La vie fraternelle n’est pas uniformisation des caractères et des coutumes, ni de la vie de prière : elle est ouverture à la communion et à la prise en charge commune d’un même appel et d’une même mission. « Là où deux ou trois sont réunis en mon nom », dit le Seigneur, « je suis au milieu d’eux. » (Mt 18,20) Vivre la grâce de la fraternité, c’est éprouver cette présence de Dieu, non pas seulement dans la solitude du cœur, mais dans l’accueil, le partage et le service mutuel. Si les jeunes en formation parviennent à goûter cette présence au Séminaire, ils seront ouverts à la goûter dans le presbyterium et avec tout le peuple de Dieu, dans toutes les rencontres qu’ils feront.

La figure du bon berger est emblématique pour la vie fraternelle

D’ailleurs de nombreuses expériences et missions durant leurs études, les aident déjà à vérifier et à développer cette affinité relationnelle avec tous les membres du peuple de Dieu : les vieillards et les enfants, jeunes filles et jeunes gens, comme dit le psaume, sont appelés à louer le Seigneur tous ensemble. La vie fraternelle nous rend vulnérables à la vie d’autrui dans les joies et dans les peines. Si nous marchons ensemble, nous nous portons les uns les autres : la démarche d’un pèlerinage nous le rappelle concrètement. La vie sur la terre est un pèlerinage vers le Ciel et nous nous aidons les uns les autres à marcher vers le Père.

Le Christ est parmi nous : il est au-devant des brebis pour leur indiquer les bons pâturages, il est au milieu d’elles pour être à leur rythme, il est à l’arrière avec celles qui sont fatiguées ou blessées. Cette figure du bon berger est emblématique pour la vie fraternelle où les prêtres doivent occuper diverses places dans la marche vers le Père. Marcher au rythme de ses frères et sœurs, éprouver les mêmes sentiments que ceux du peuple de Dieu, goûter à leur soif et à leur attente, n’est-ce pas déjà faire œuvre sacerdotale ?

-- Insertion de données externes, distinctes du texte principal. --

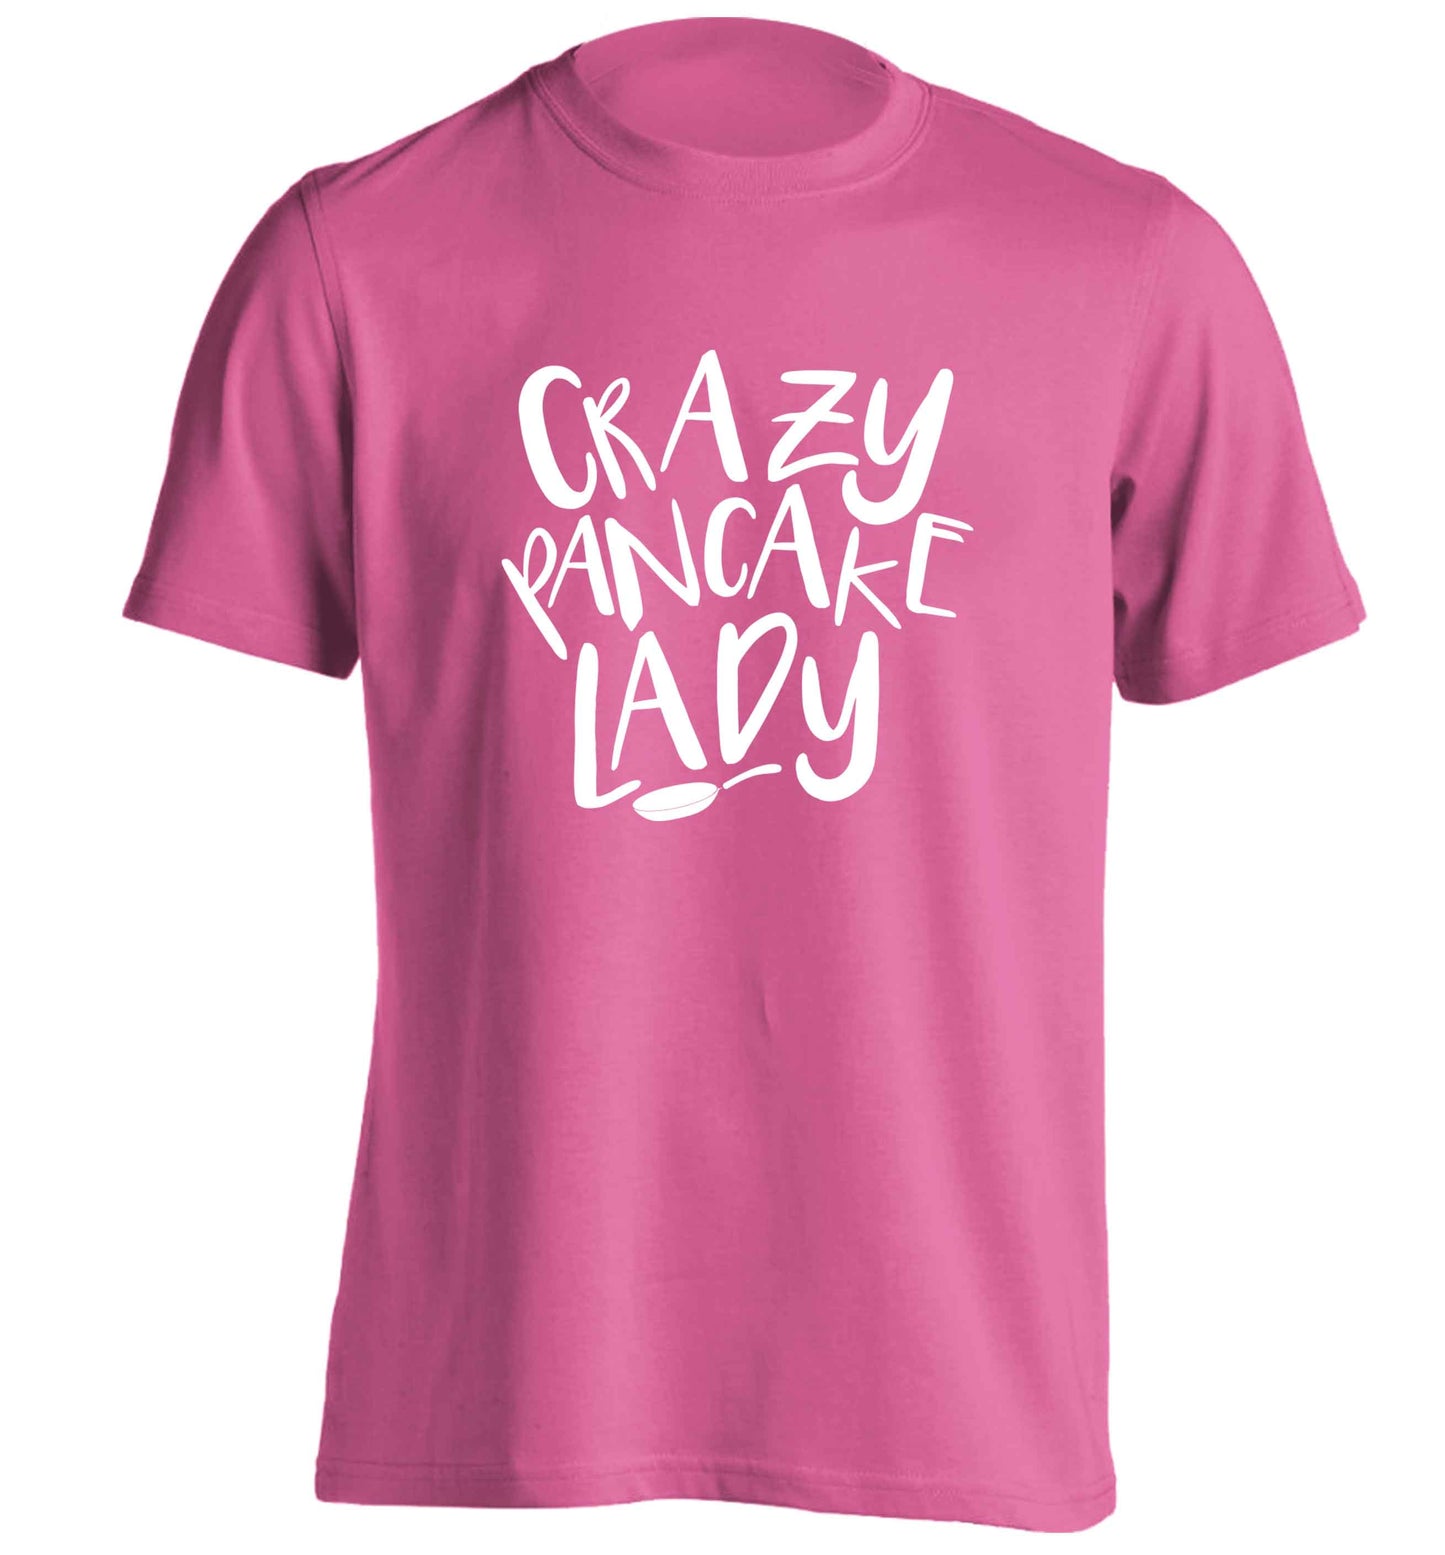 Crazy pancake lady adults unisex pink Tshirt 2XL

La présence fraternelle au sein du peuple de Dieu est certainement un témoignage vivant d’une autre Présence divine du Sauveur : « connaître et se revêtir de l’odeur des brebis », disait le pape François dans son homélie du Jeudi saint après son élection. Cette vie fraternelle est souvent l’expérience d’une pauvreté, la découverte des souffrances, des blessures, des handicaps des membres du peuple de Dieu. Passer du temps, marcher, écouter, apprendre des pauvres qui sont proches de nous est une nécessité pour sculpter le cœur sacerdotal. Le bon berger ne fait acception de personne : il est au service de tous. Il est appelé à avoir la confiance des pauvres, des laissés-pour-compte, des blessés de la vie.

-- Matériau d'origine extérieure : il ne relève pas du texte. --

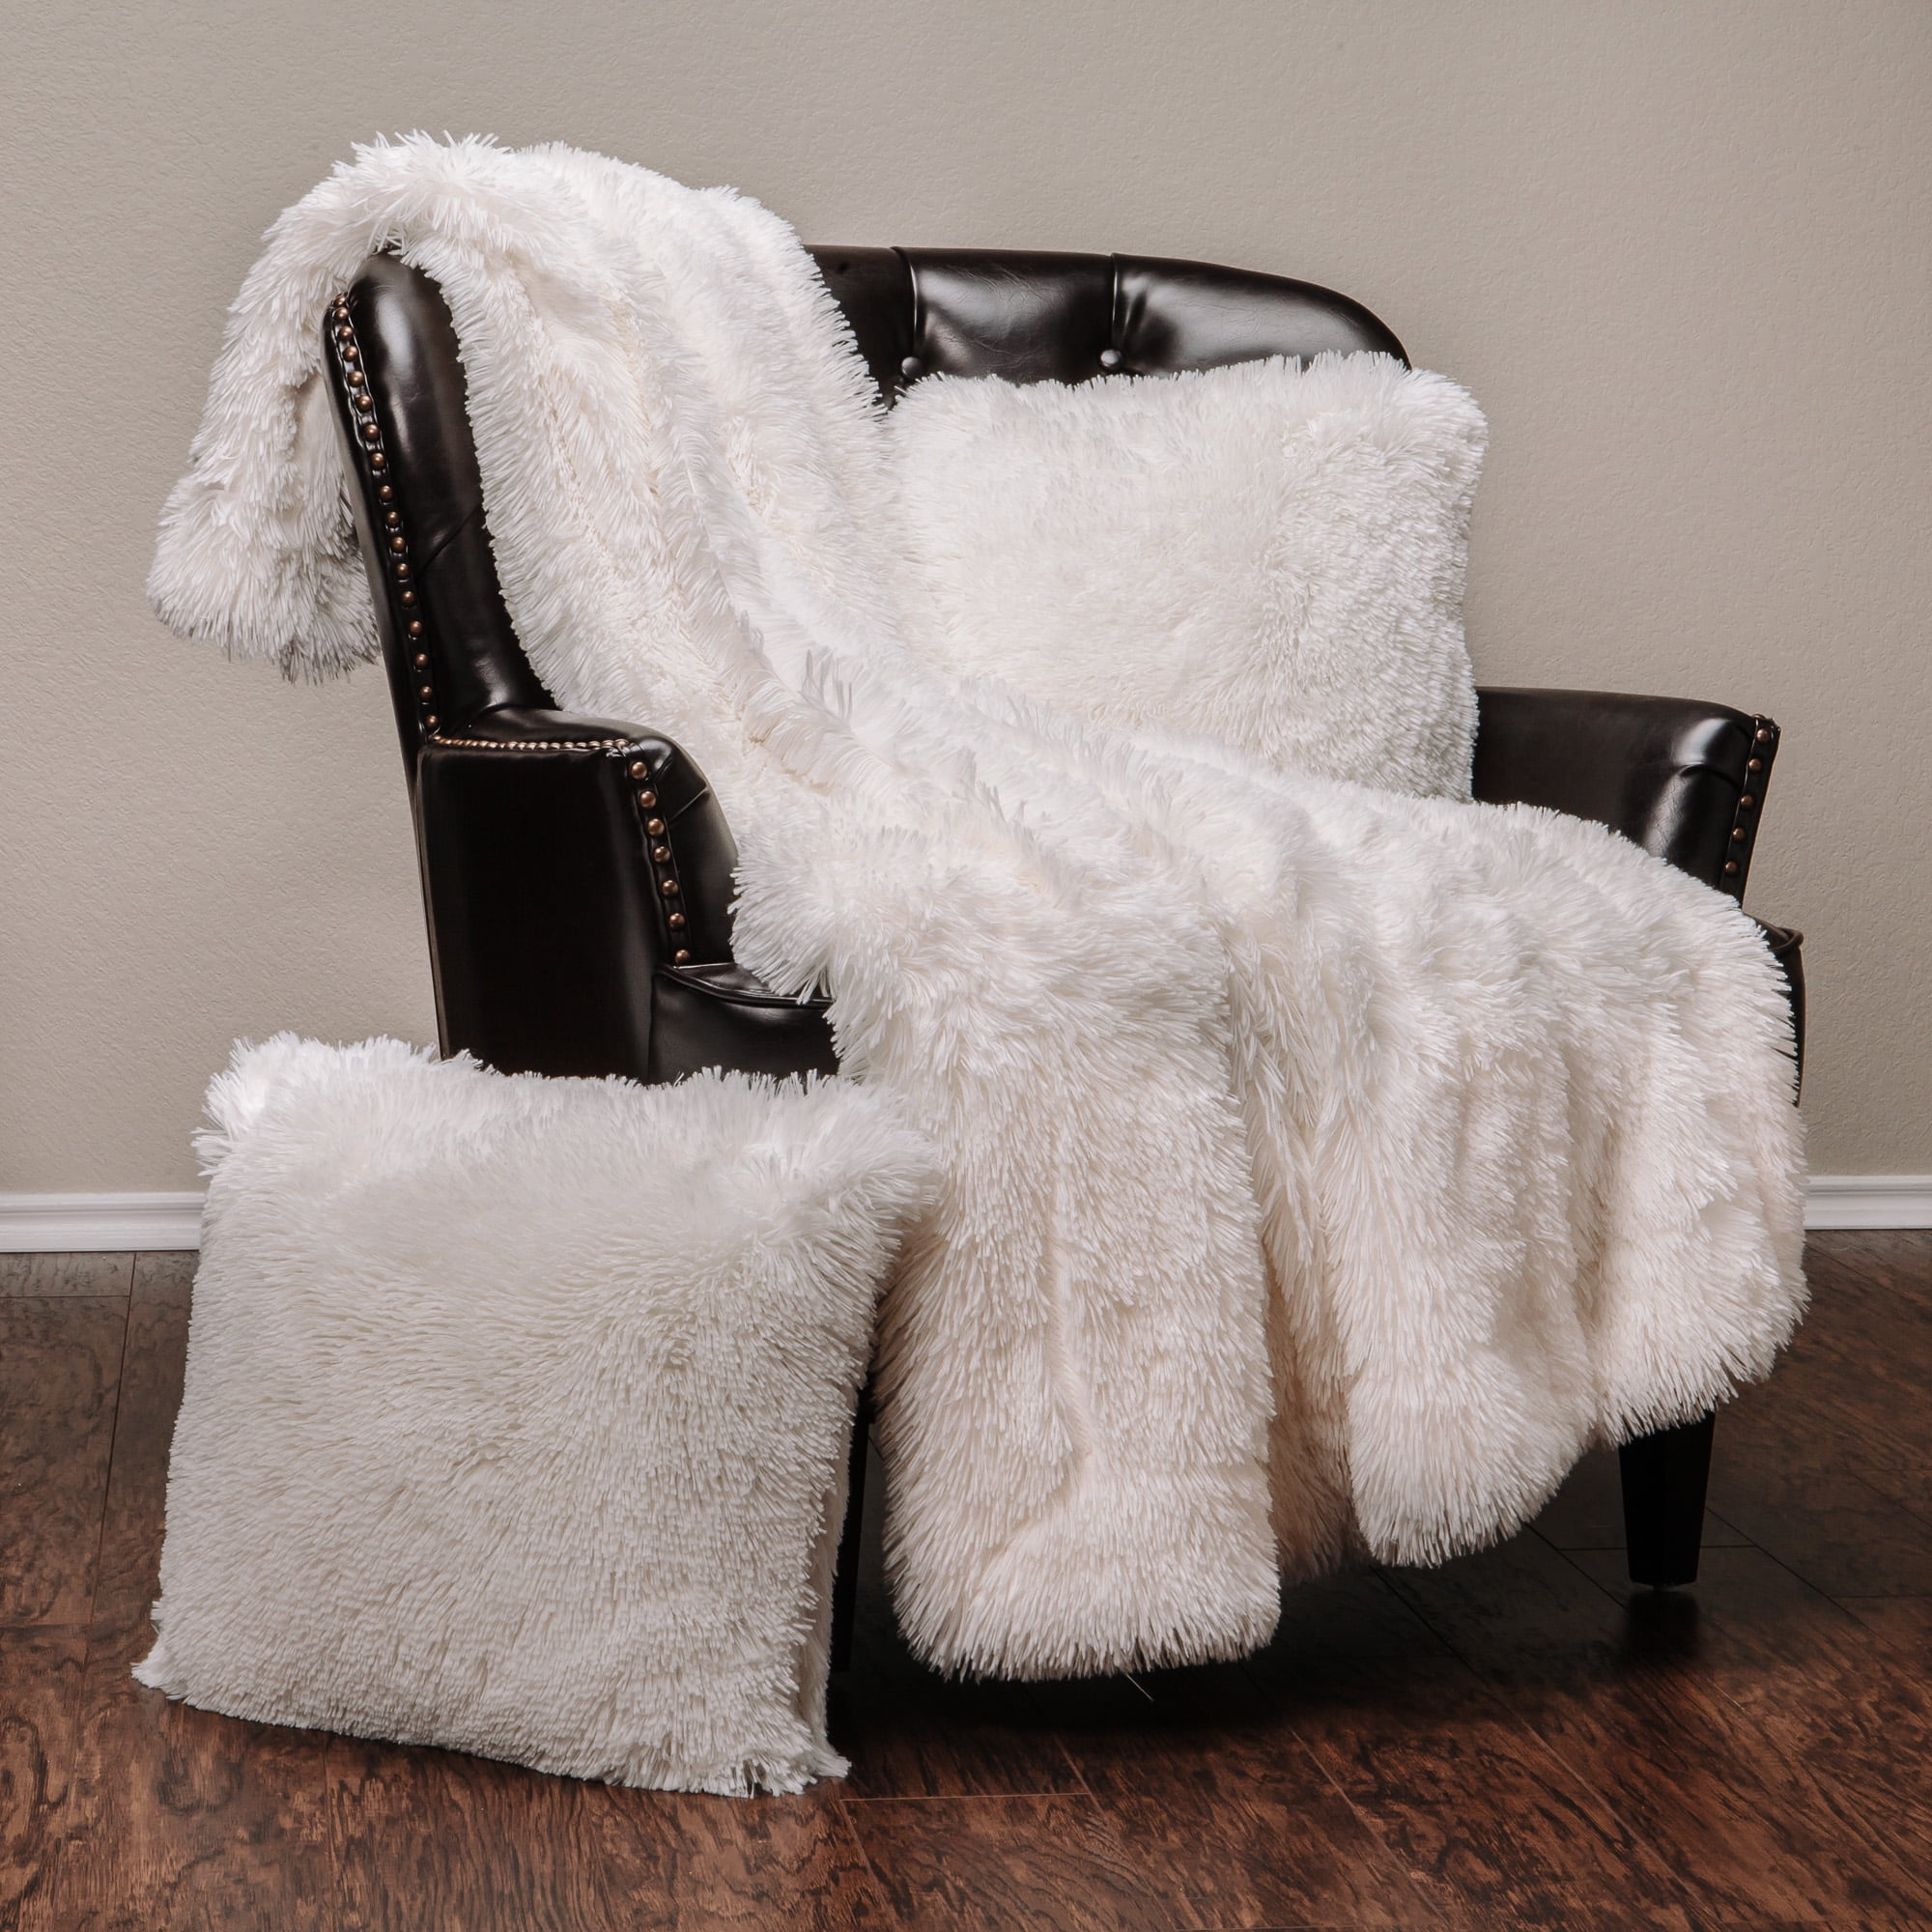 Homore Soft Fluffy Blanket Fuzzy Sherpa Plush Cozy Faux Fur Throw Blankets for B

Fréquenter, visiter, prendre soin des pauvres et des malades, c’est rejoindre le désir et le mode d’être de Dieu qui « est venu parmi les siens » (Jn 1,11) et qui a rejoint l’humanité dans sa petitesse et sa faiblesse. « Le Christ s’est anéanti lui-même en rejoignant notre condition humaine » (Phi 2,7) : ce mouvement d’amour de Dieu pour les hommes doit rejoindre la condition des prêtres pour qu’ils fassent de même. L’amour de Dieu pour les petits est signe d’une gratuité absolue pour eux : le prêtre doit faire de même.

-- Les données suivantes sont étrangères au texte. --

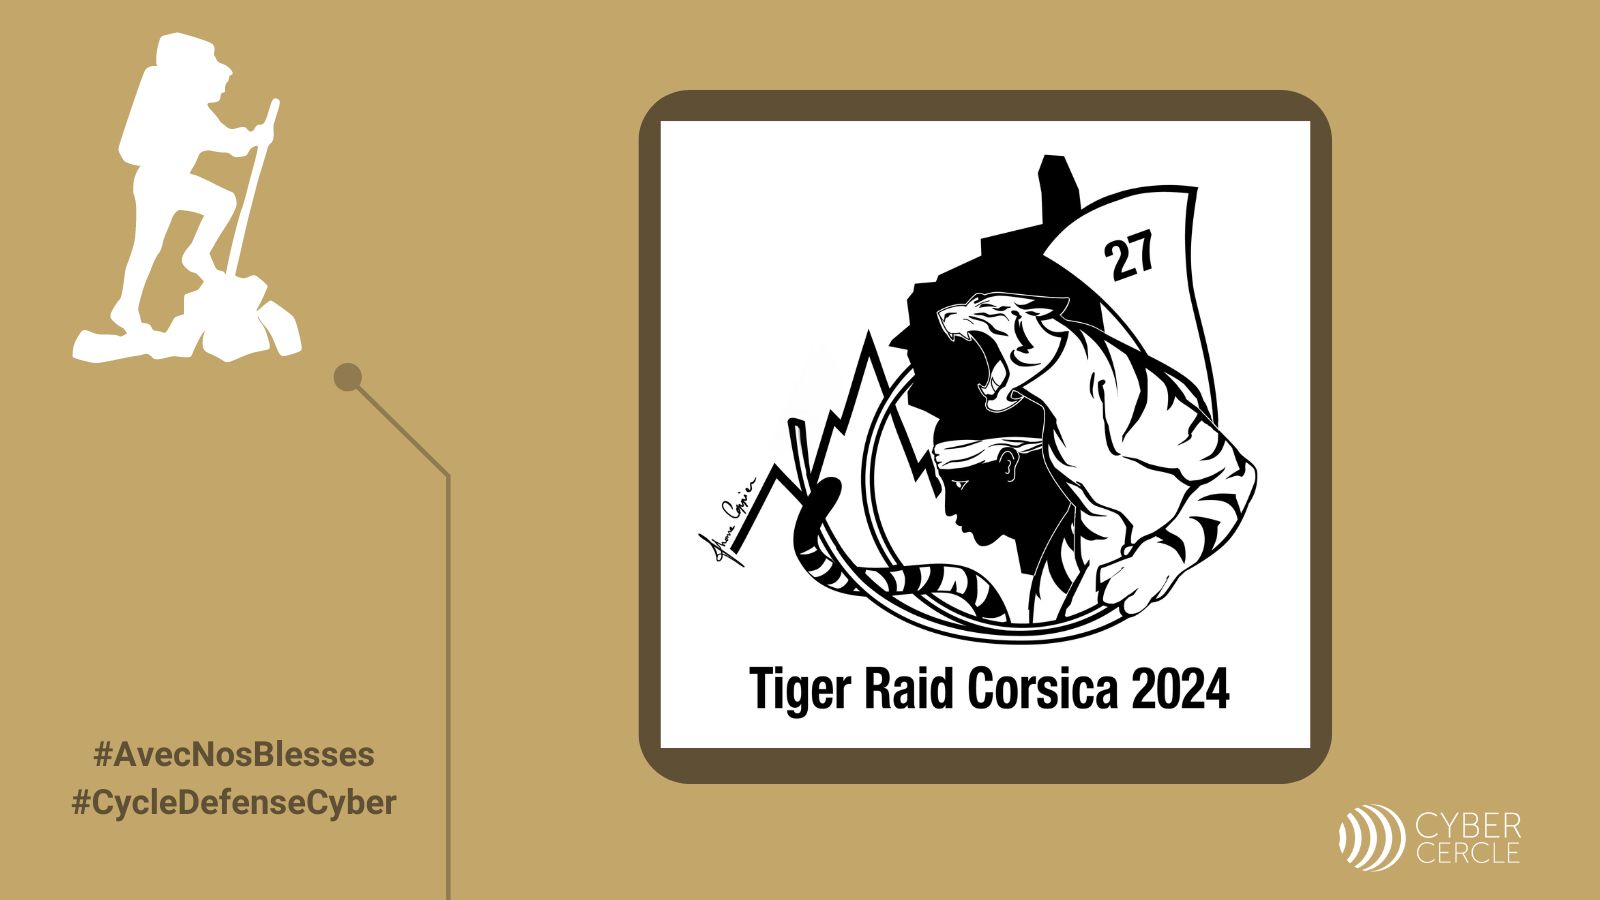 TIGER RAID CORSICA 2024

Des témoins de la bonté divine

Les pauvres disent aux séminaristes leur espérance. Ils les renvoient à l’essentiel de leur mission : ils ne sont pas des fonctionnaires du culte mais des témoins de la bonté divine et de la venue du Royaume. « Les pauvres sont nos maîtres », disait saint Vincent de Paul. Il est bon qu’ils soient aussi des formateurs des séminaristes. Ils leur enseignent combien Dieu est grand et ils leur montrent jusqu’où va cette grandeur : Jésus s’agenouille devant ses disciples et il leur lave les pieds (Jn 13,12-14). Tel est le commandement de l’amour.

Ainsi tout mouvement de service et d’amour que l’on peut vivre durant le Séminaire, identifie le futur prêtre au mouvement même de Jésus qui est venu pour tous. Si le pauvre est honoré, Dieu le sera et tous les hommes le seront aussi. Les pauvres ouvrent leur cœur à la vérité de l’amour et permettent à chacun de découvrir humblement ses propres faiblesses. Demeurer dans la vérité de sa vocation sacerdotale, c’est rester dans l’admiration de l’image divine en toute créature.